Task input:
:::::
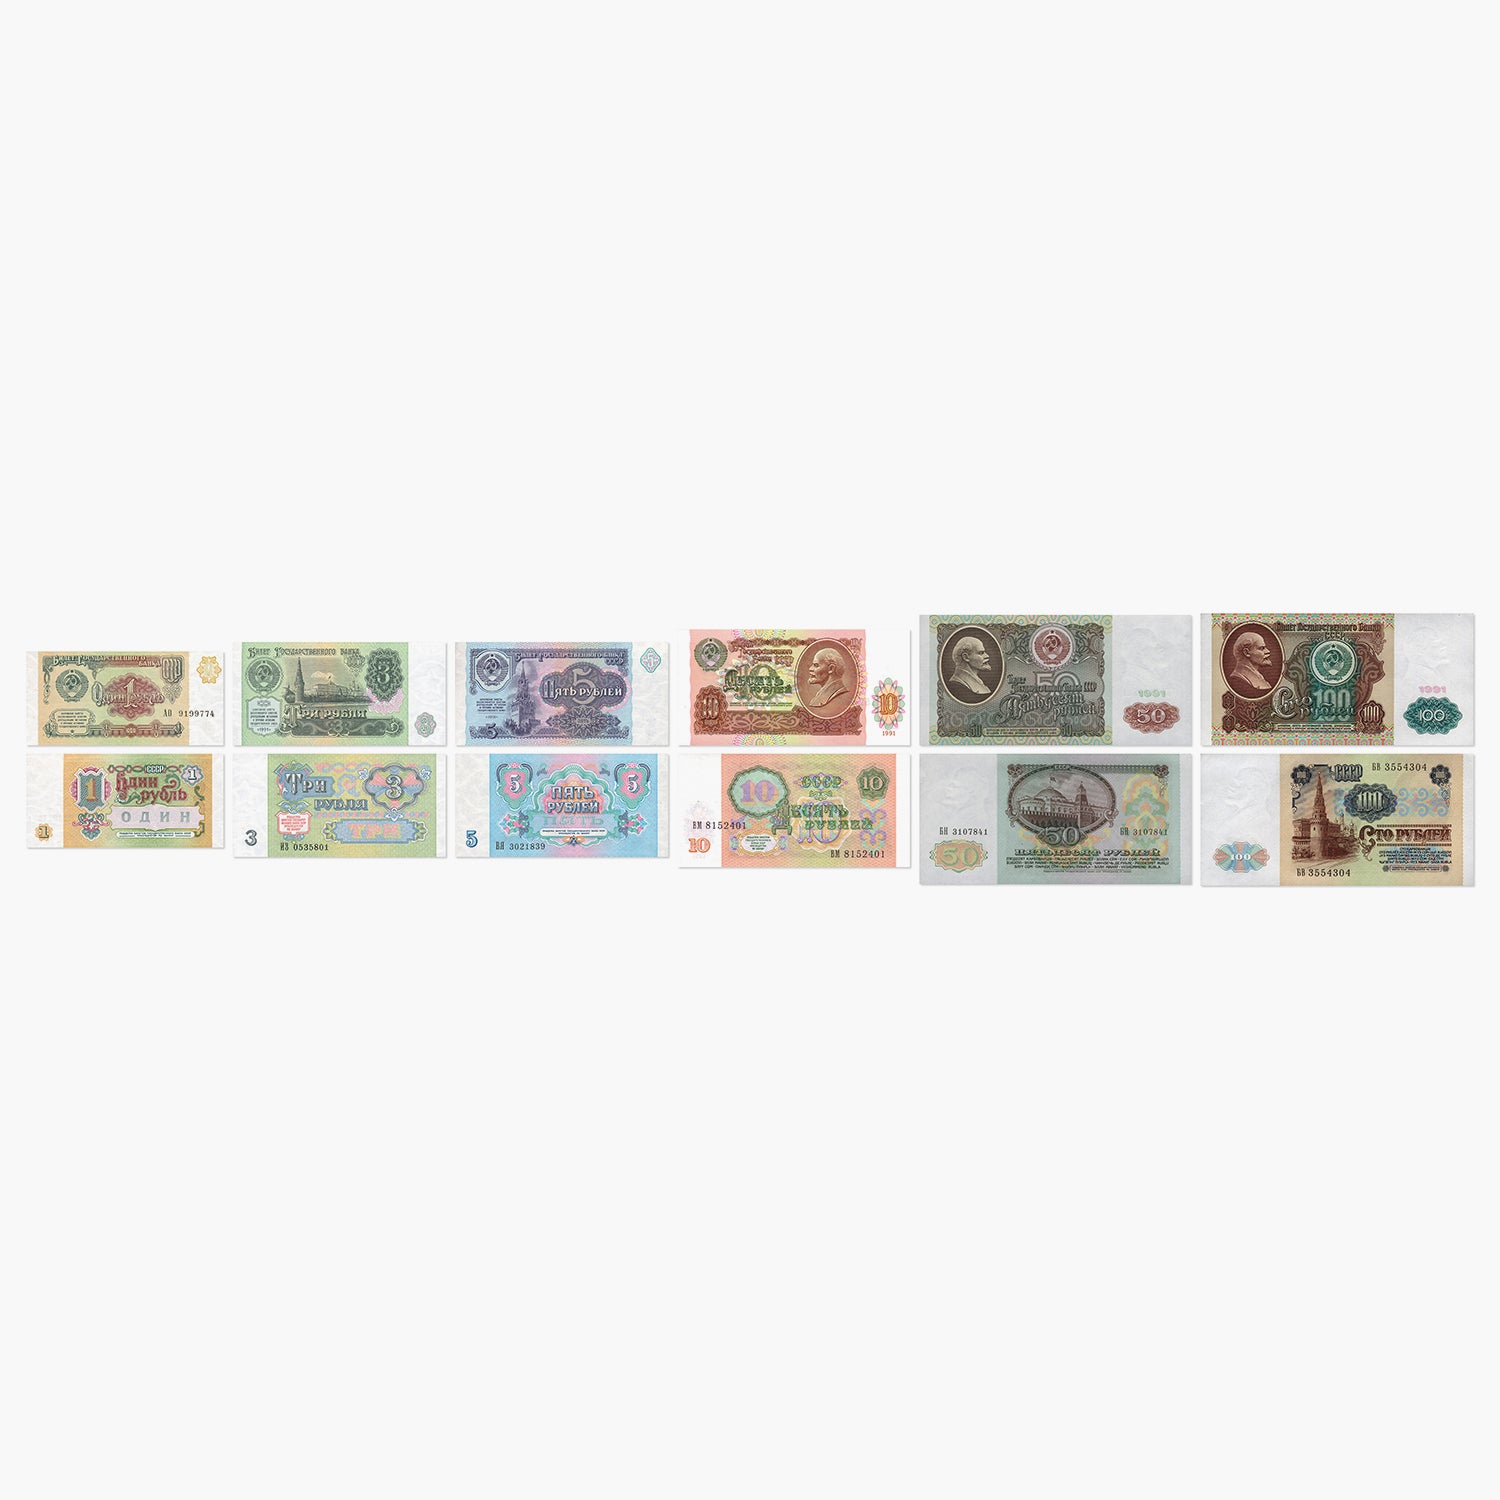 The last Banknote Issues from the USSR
:::::
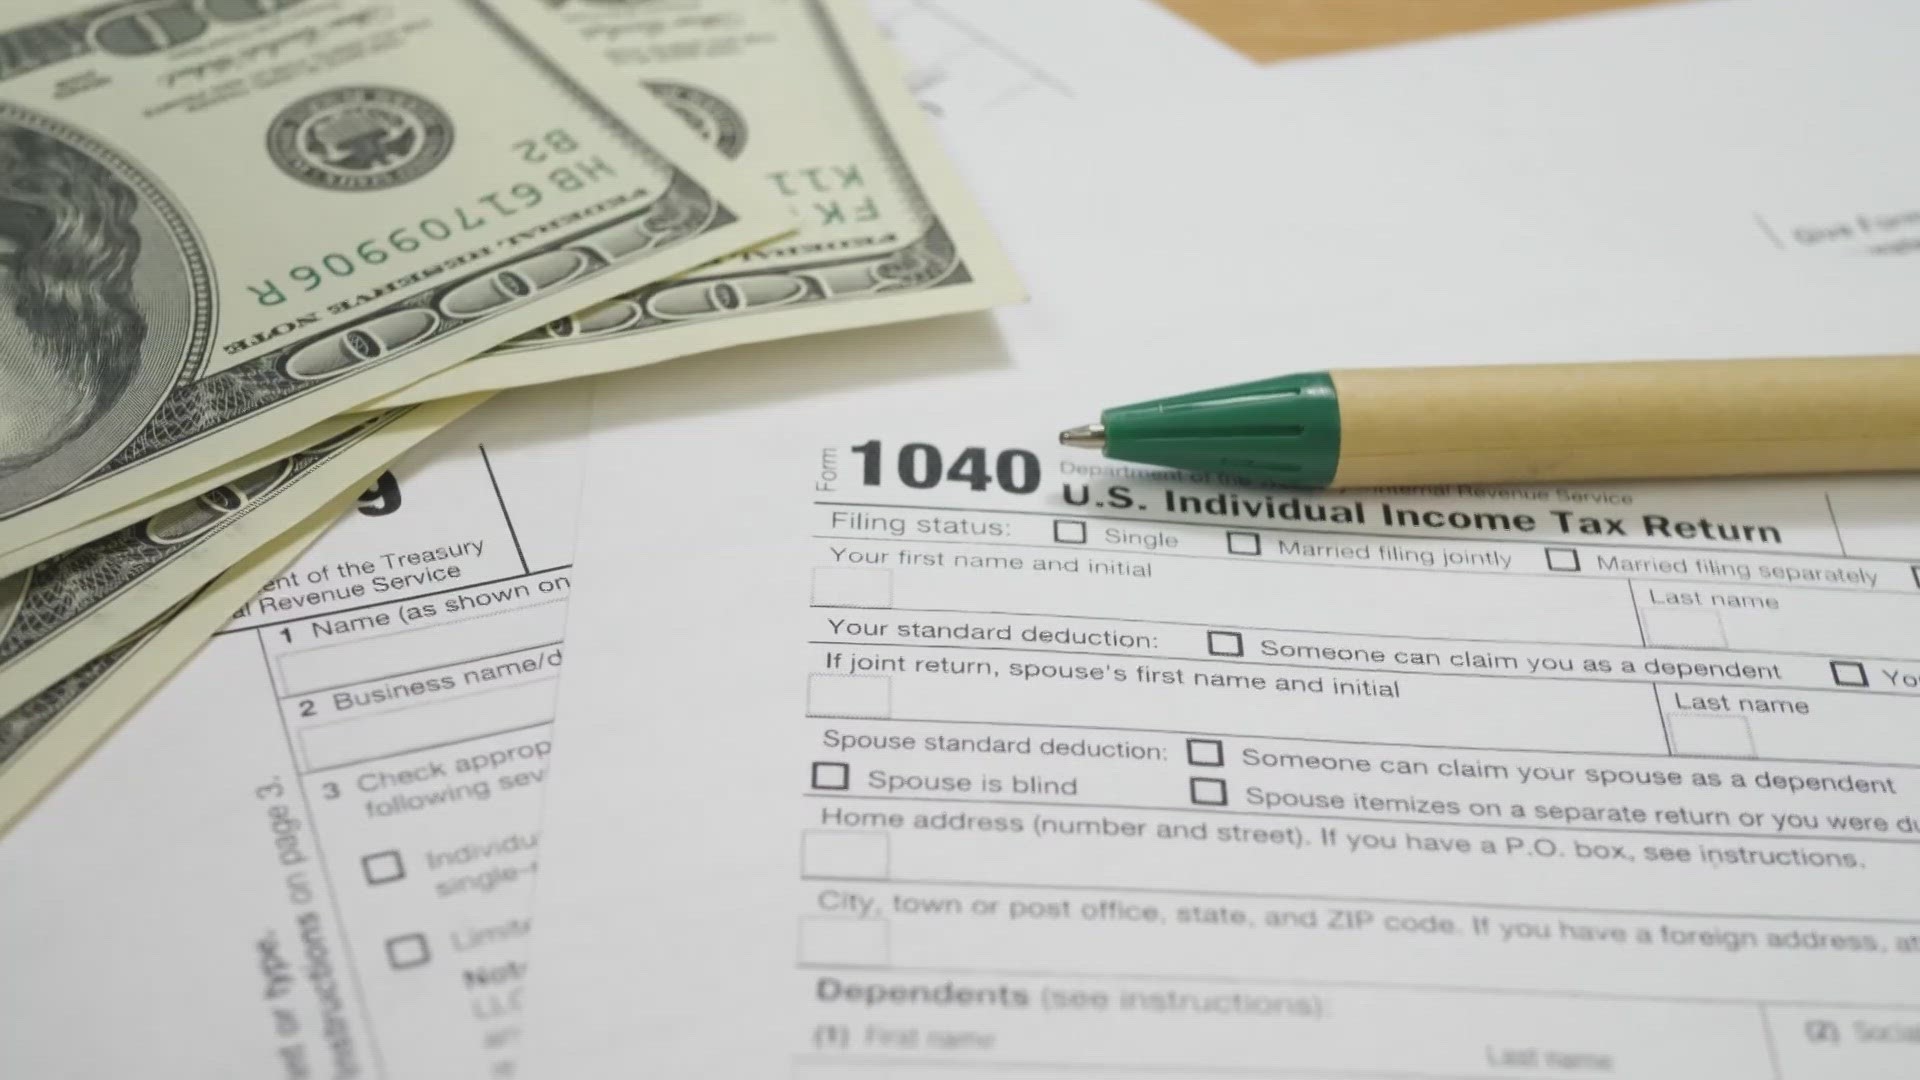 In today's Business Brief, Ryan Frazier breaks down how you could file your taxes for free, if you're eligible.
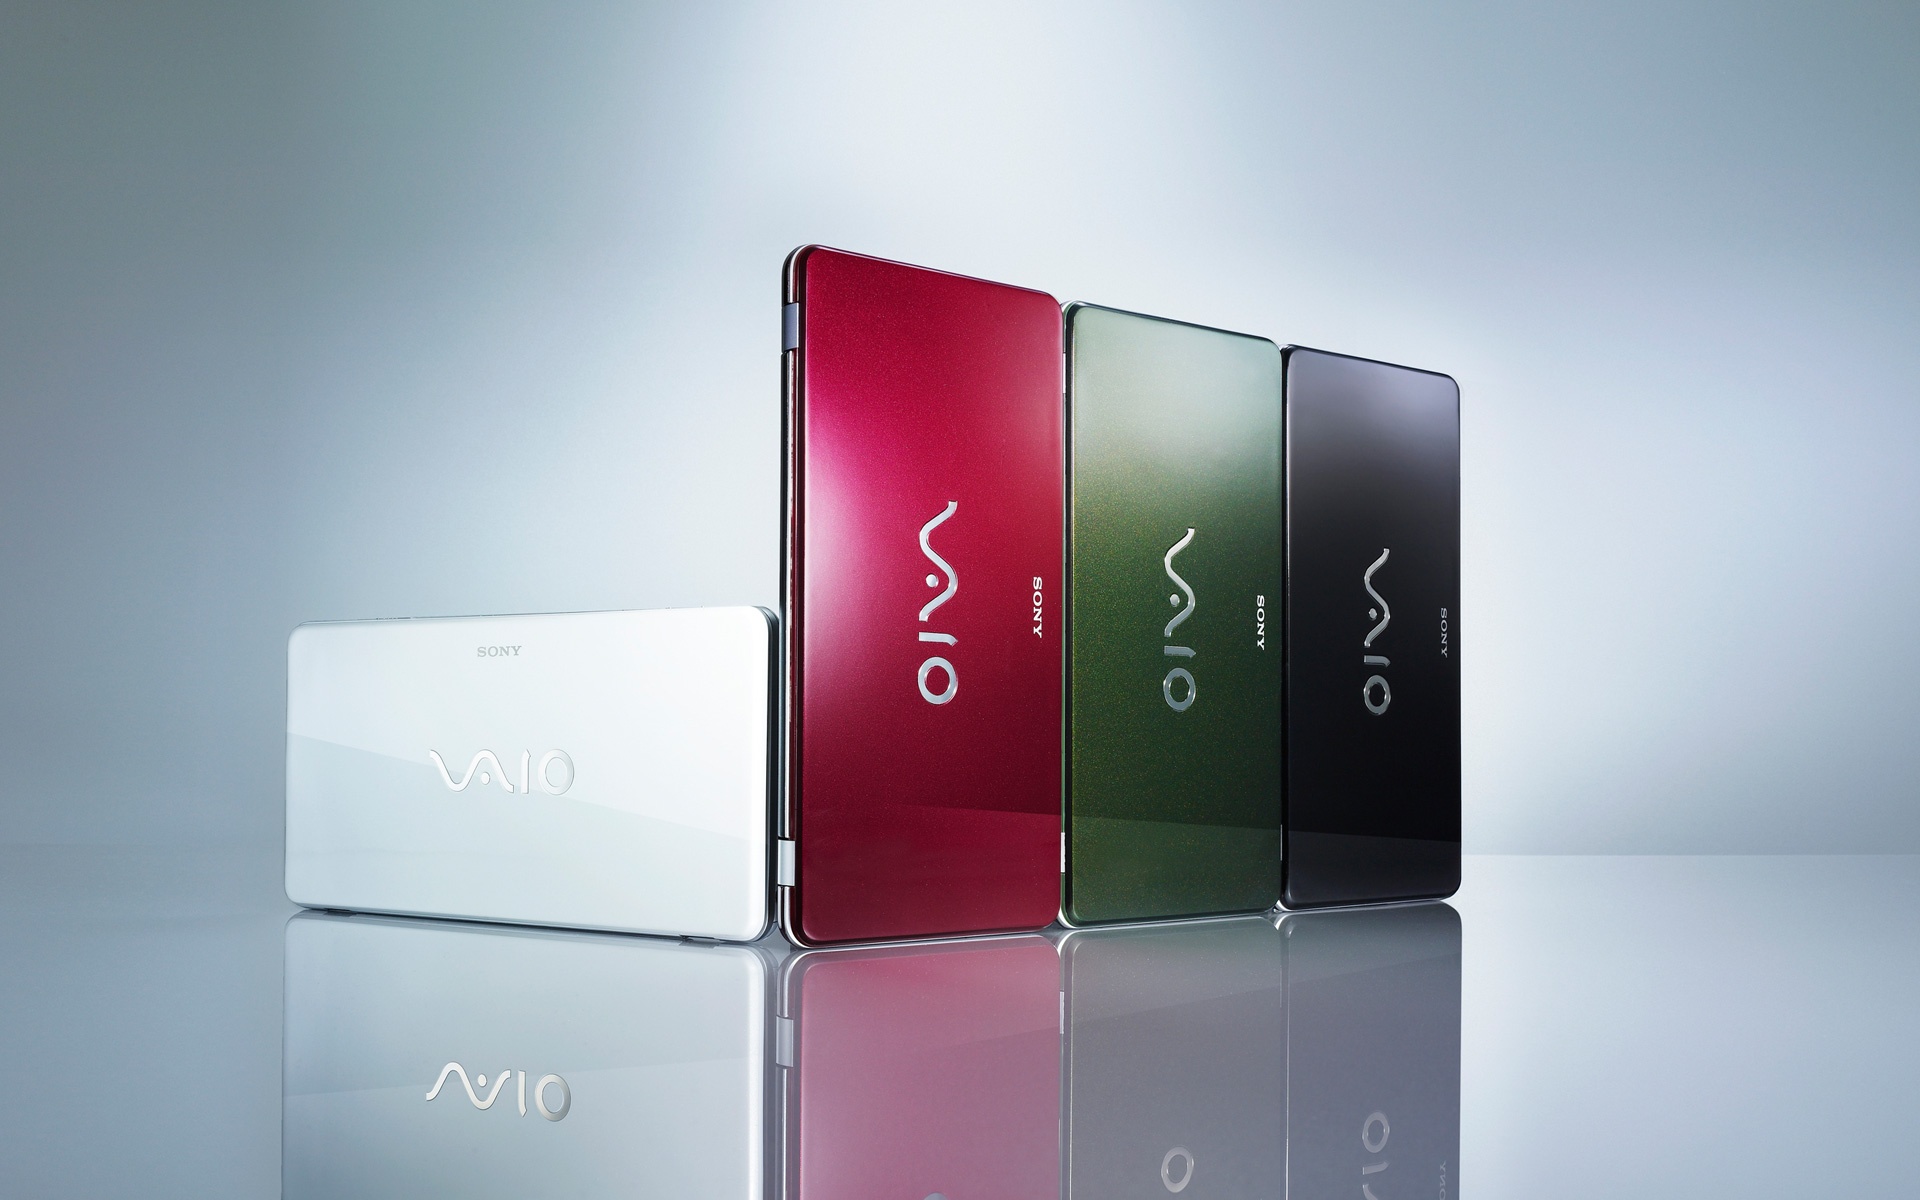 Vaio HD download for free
:::::
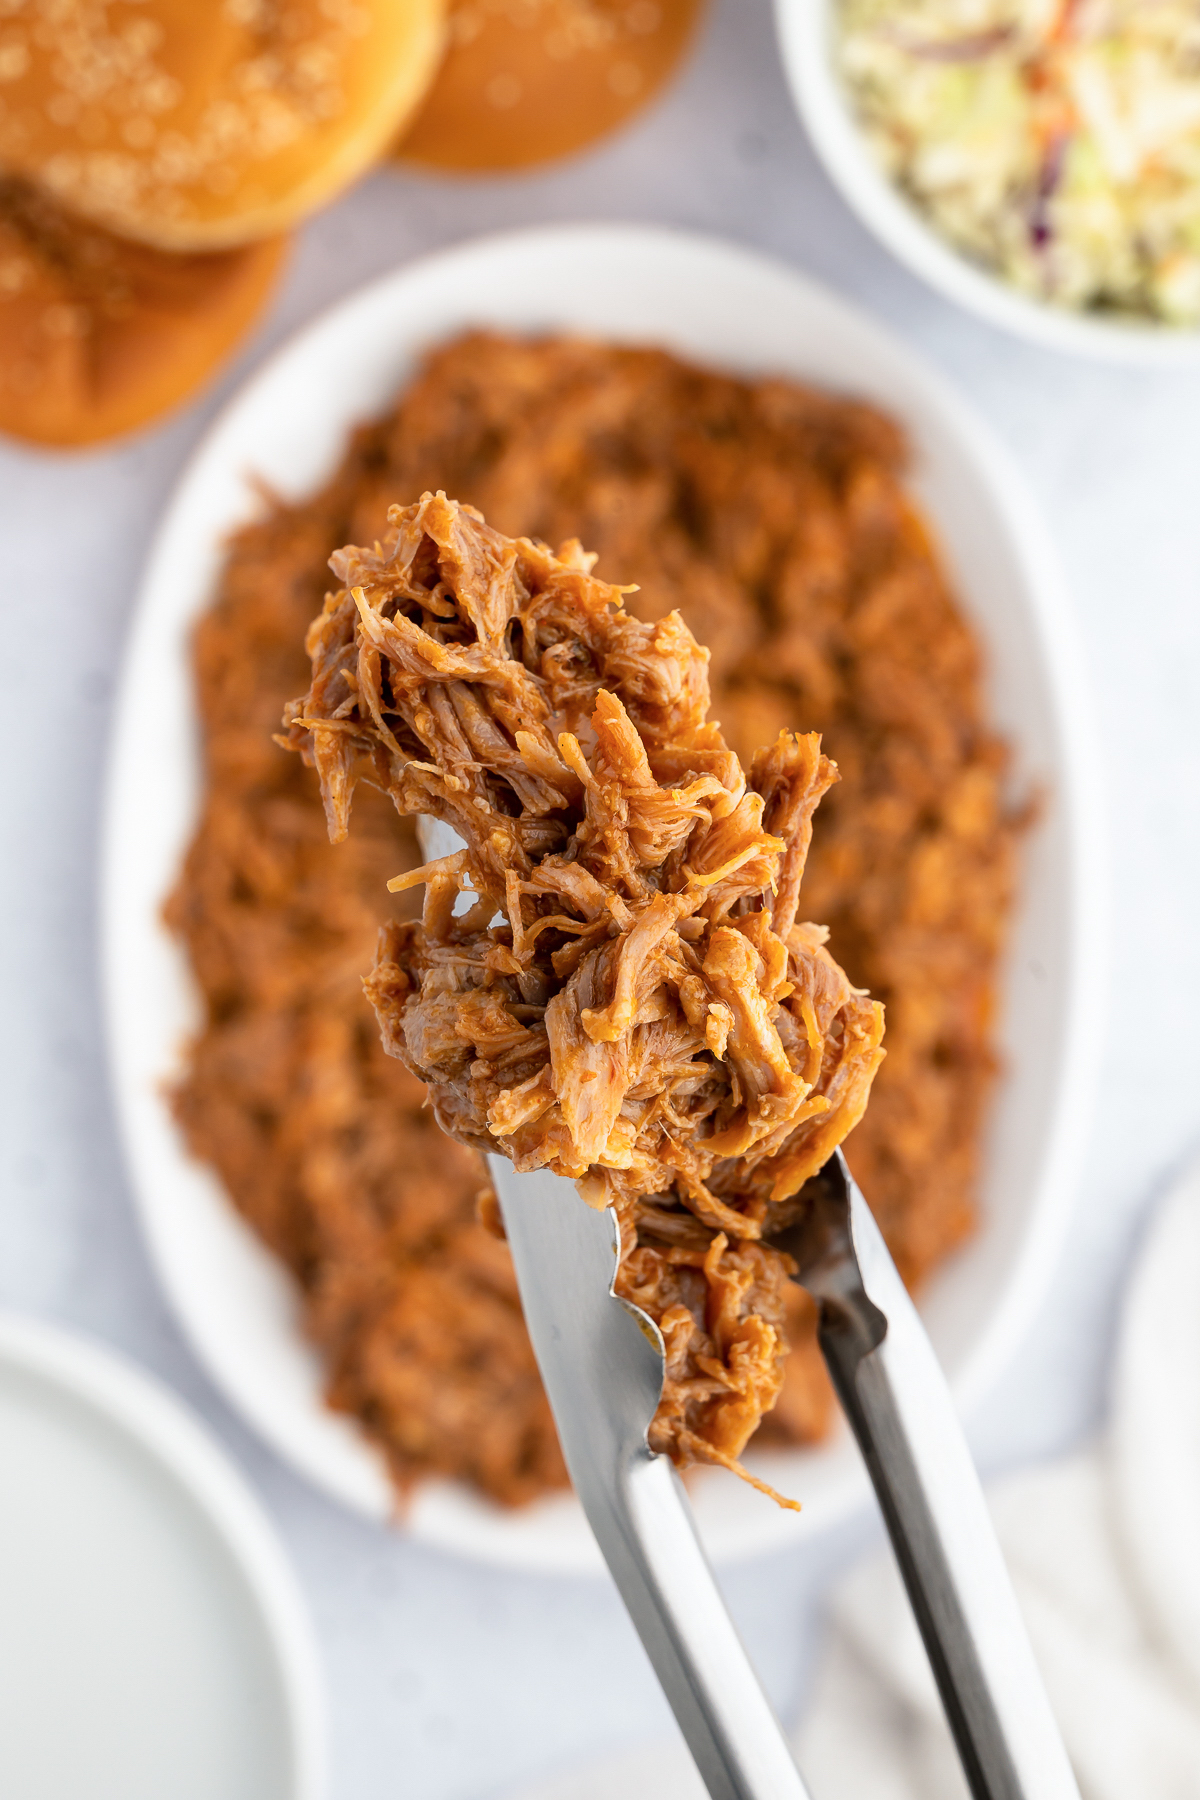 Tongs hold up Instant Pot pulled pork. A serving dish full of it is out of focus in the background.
:::::
Exercise instructions: Going by the data above, the answer is exactly the lines from the one holding "In today's Business" to the one holding "Vaio HD download for free", both kept, with the pictures left out.

Exercise result:
 In today's Business Brief, Ryan Frazier breaks down how you could file your taxes for free, if you're eligible.
 Vaio HD download for free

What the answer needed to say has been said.